▸ Directions for this task
Going line by line through the records below, write out everything starting with the line containing "A black hole" and going on through the line containing "19th Century 4", exactly and inclusively. Pictures do not go in.

▸ Extracted data
----------

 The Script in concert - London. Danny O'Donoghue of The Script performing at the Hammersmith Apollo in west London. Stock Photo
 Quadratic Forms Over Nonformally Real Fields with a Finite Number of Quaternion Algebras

----------

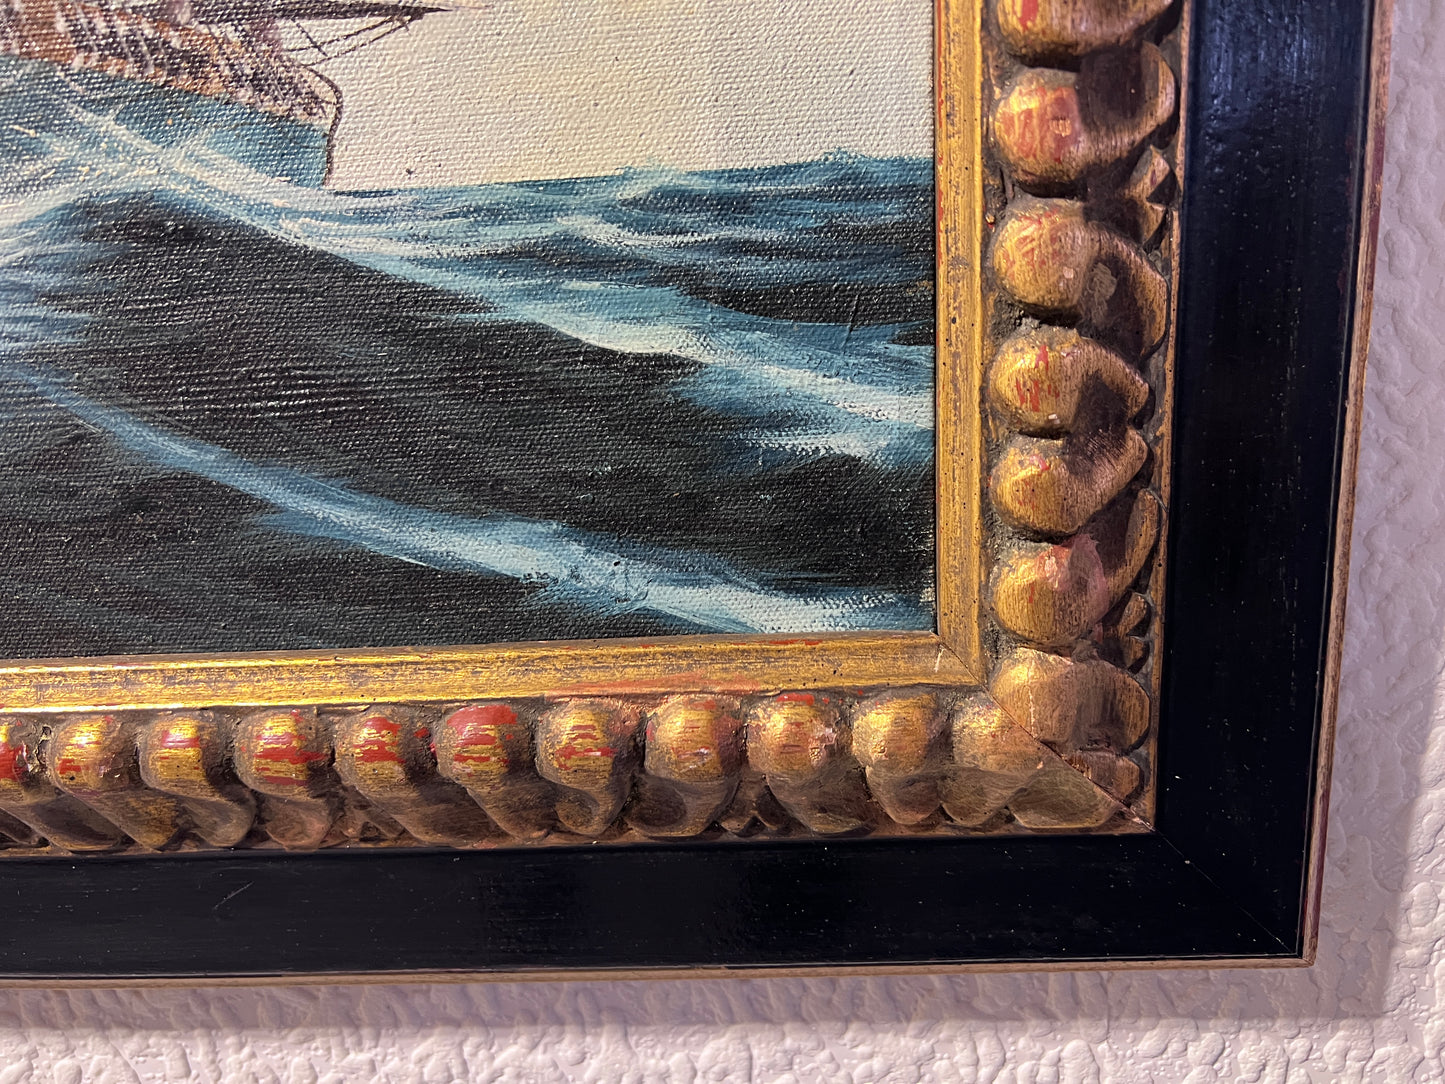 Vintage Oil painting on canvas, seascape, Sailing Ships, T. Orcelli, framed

----------

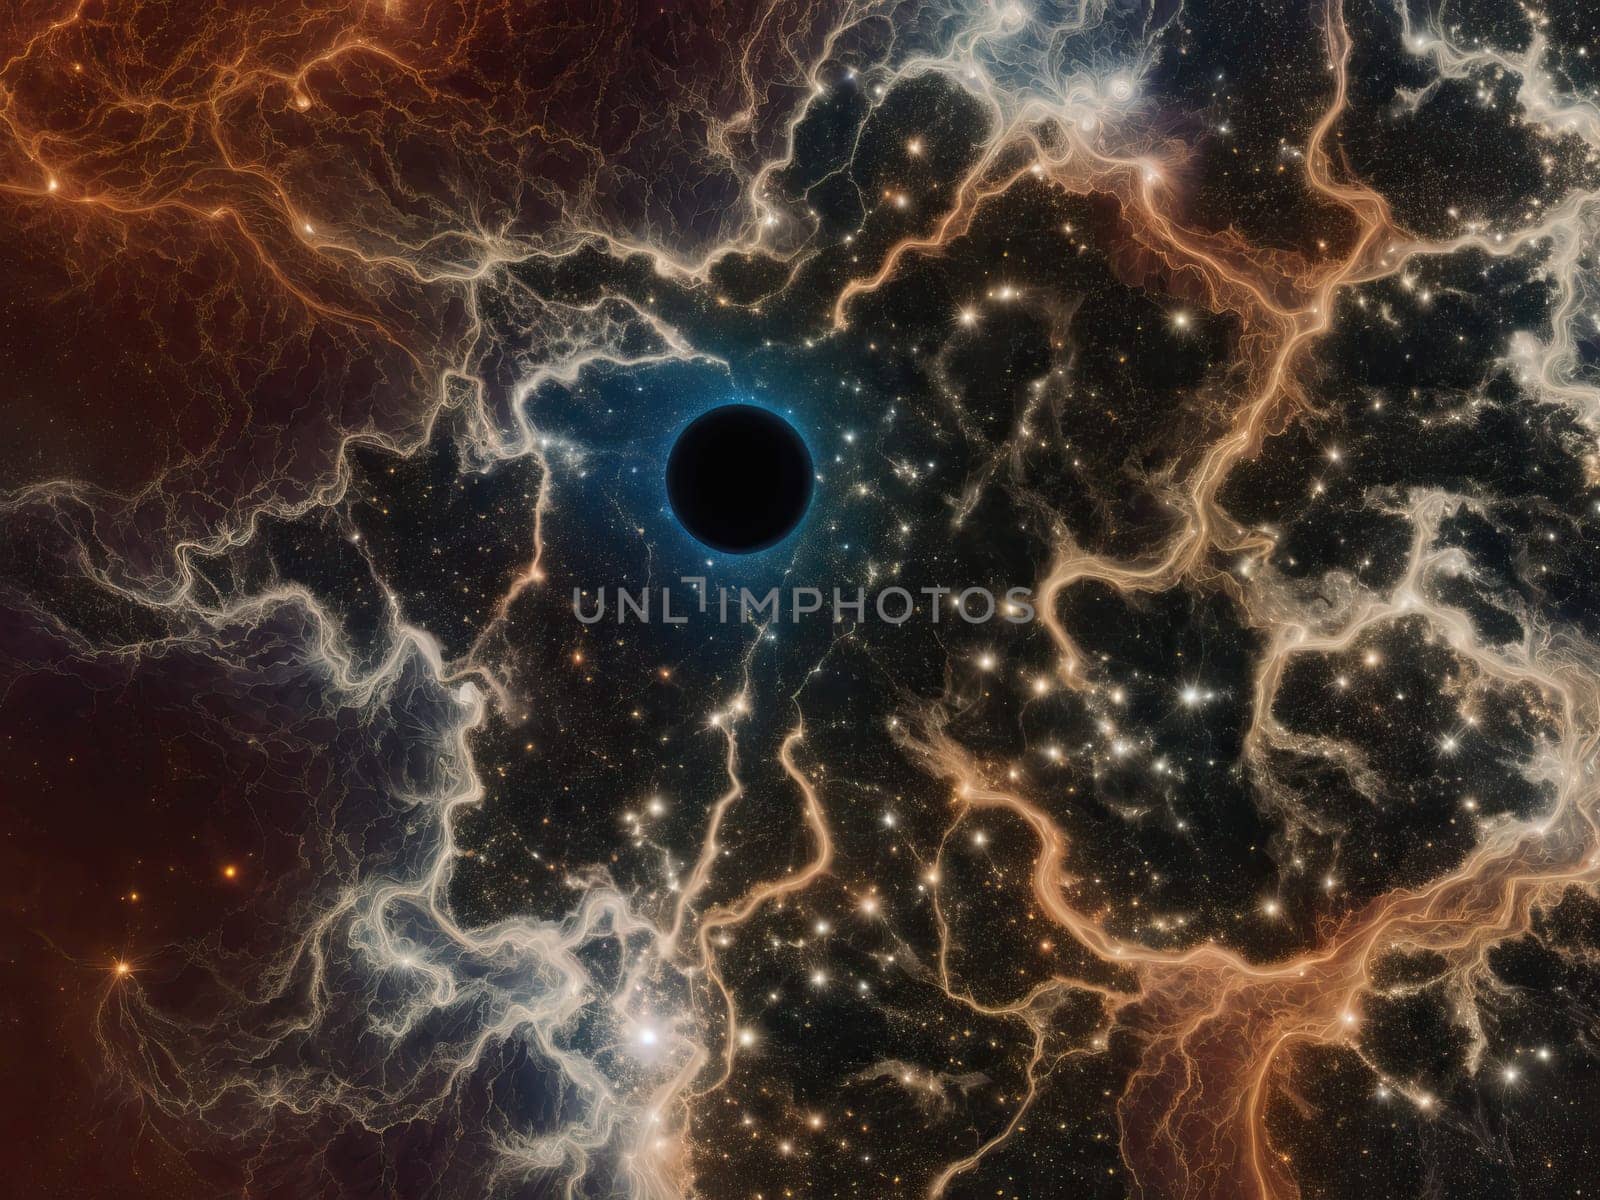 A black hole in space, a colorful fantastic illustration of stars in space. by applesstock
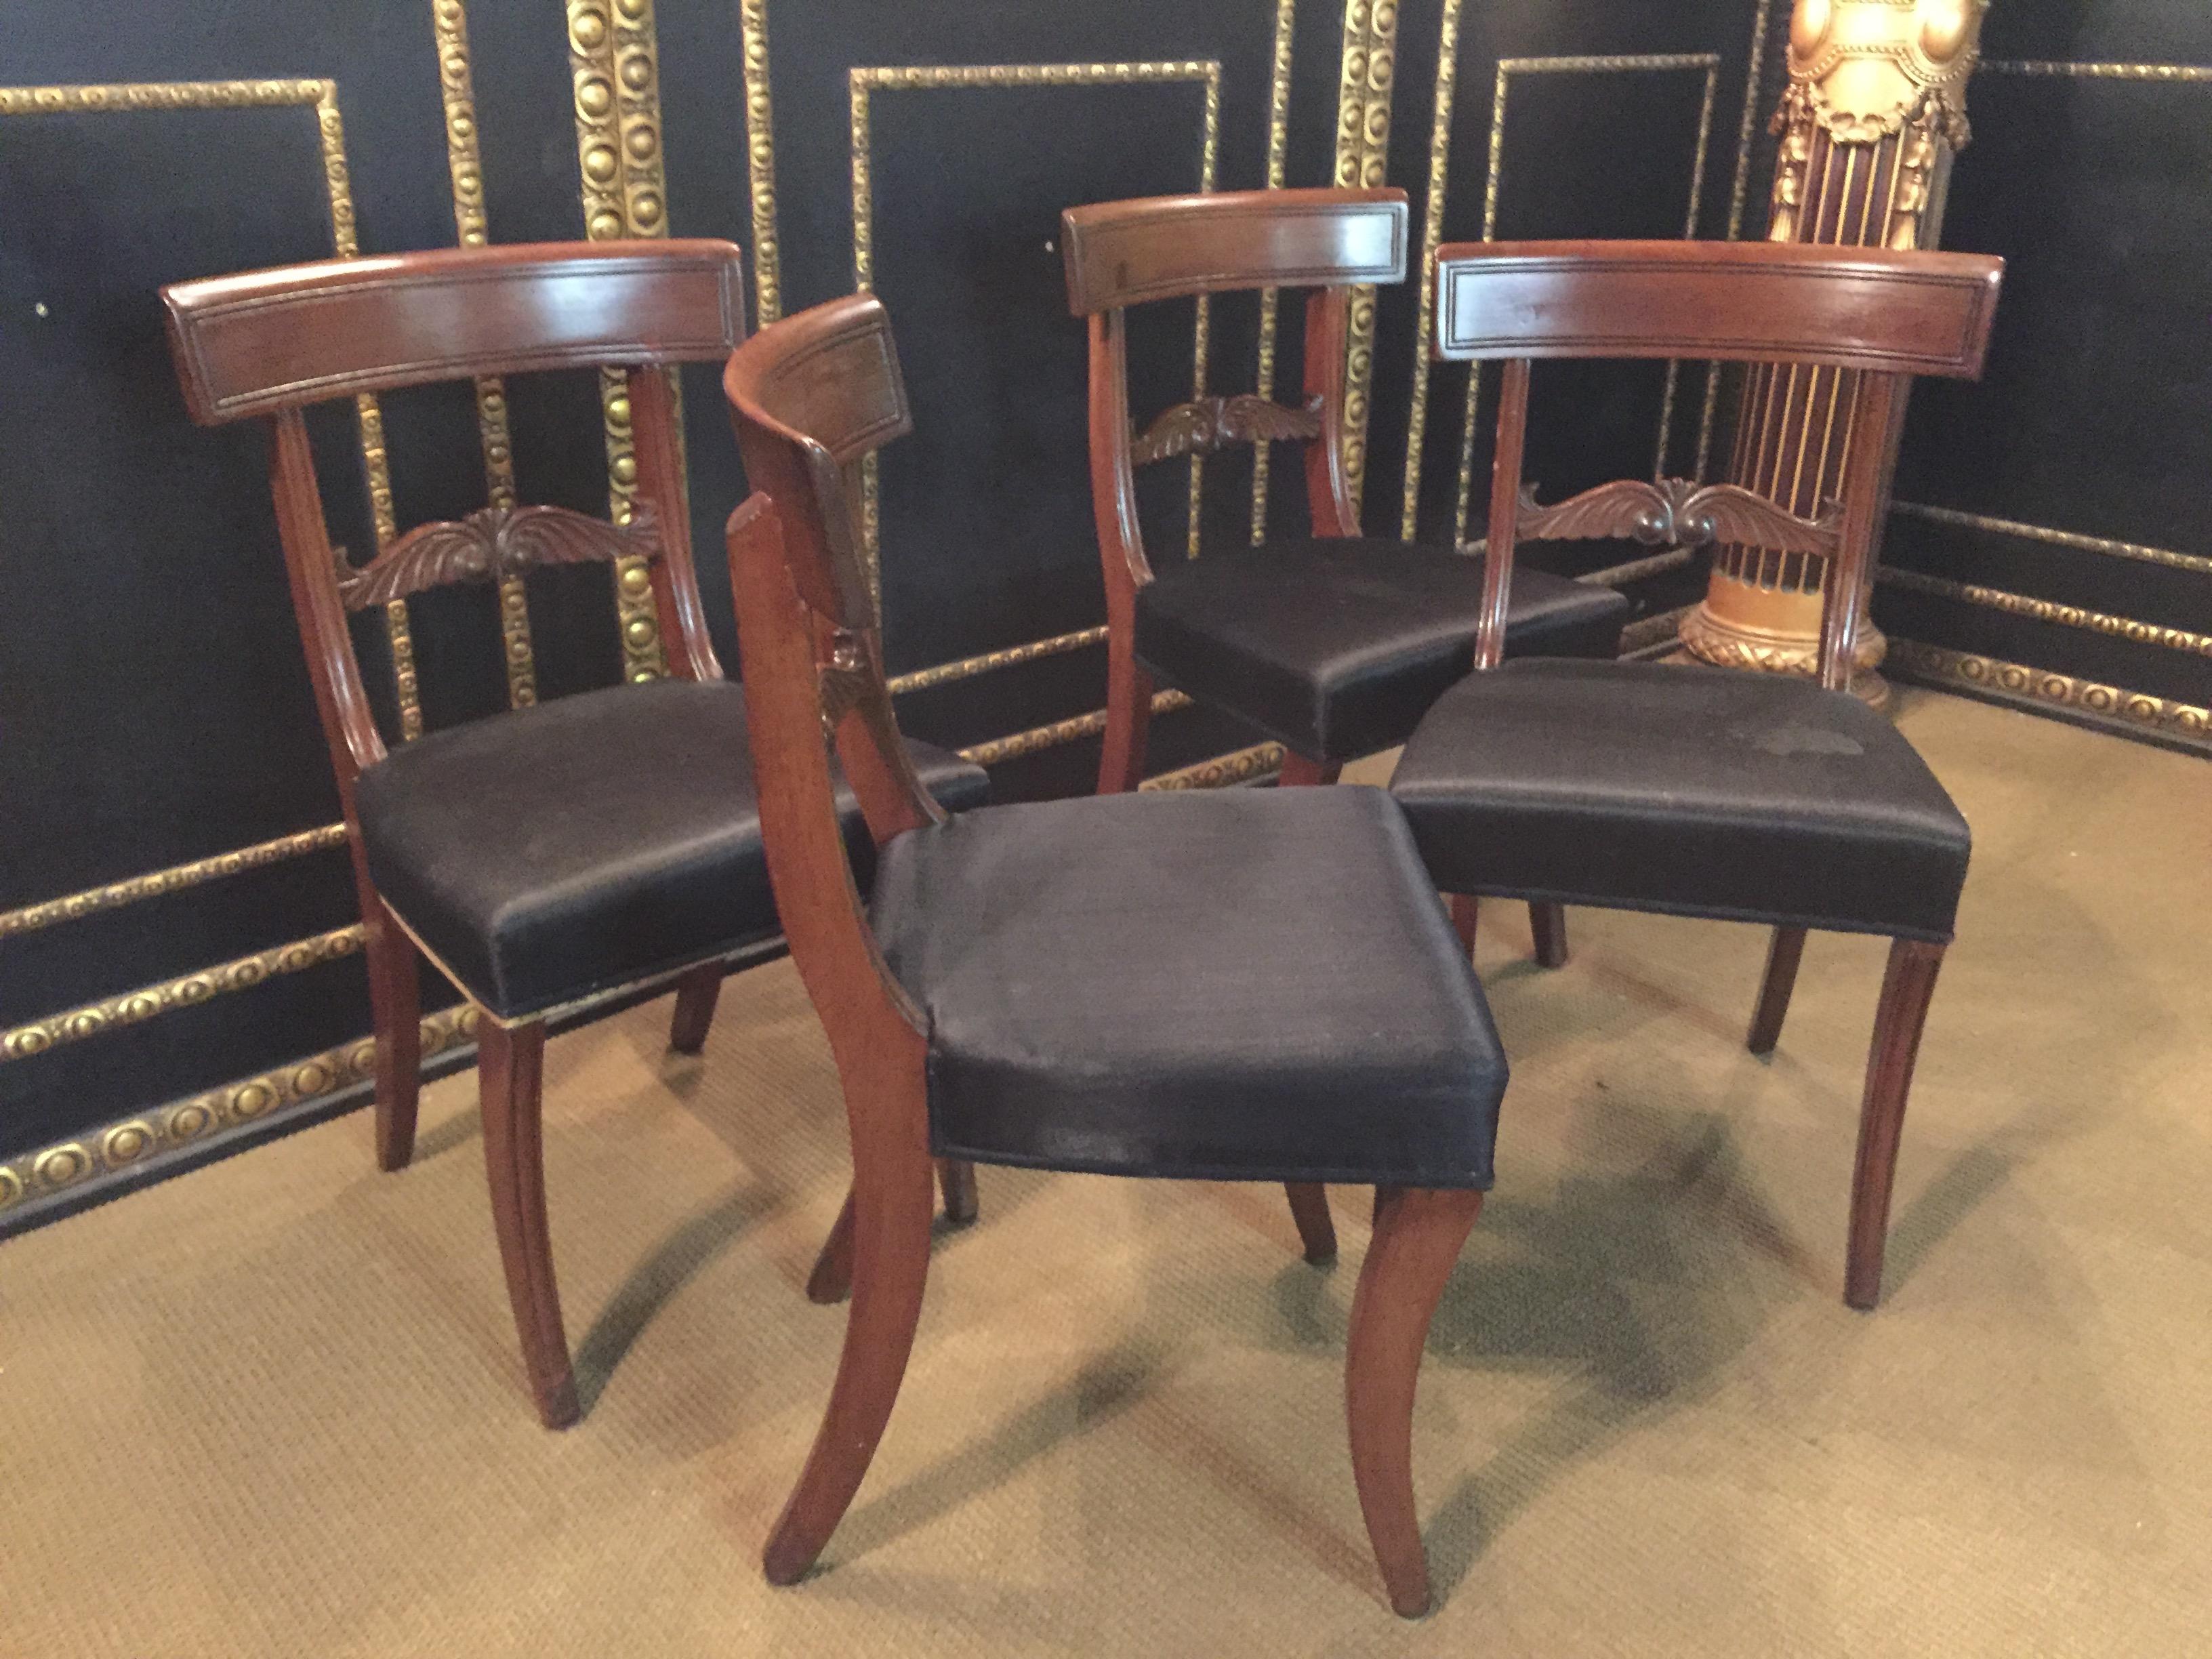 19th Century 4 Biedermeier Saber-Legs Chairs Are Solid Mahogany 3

----------

▸ Solved problem
 A black hole in space, a colorful fantastic illustration of stars in space. by applesstock
 19th Century 4 Biedermeier Saber-Legs Chairs Are Solid Mahogany 3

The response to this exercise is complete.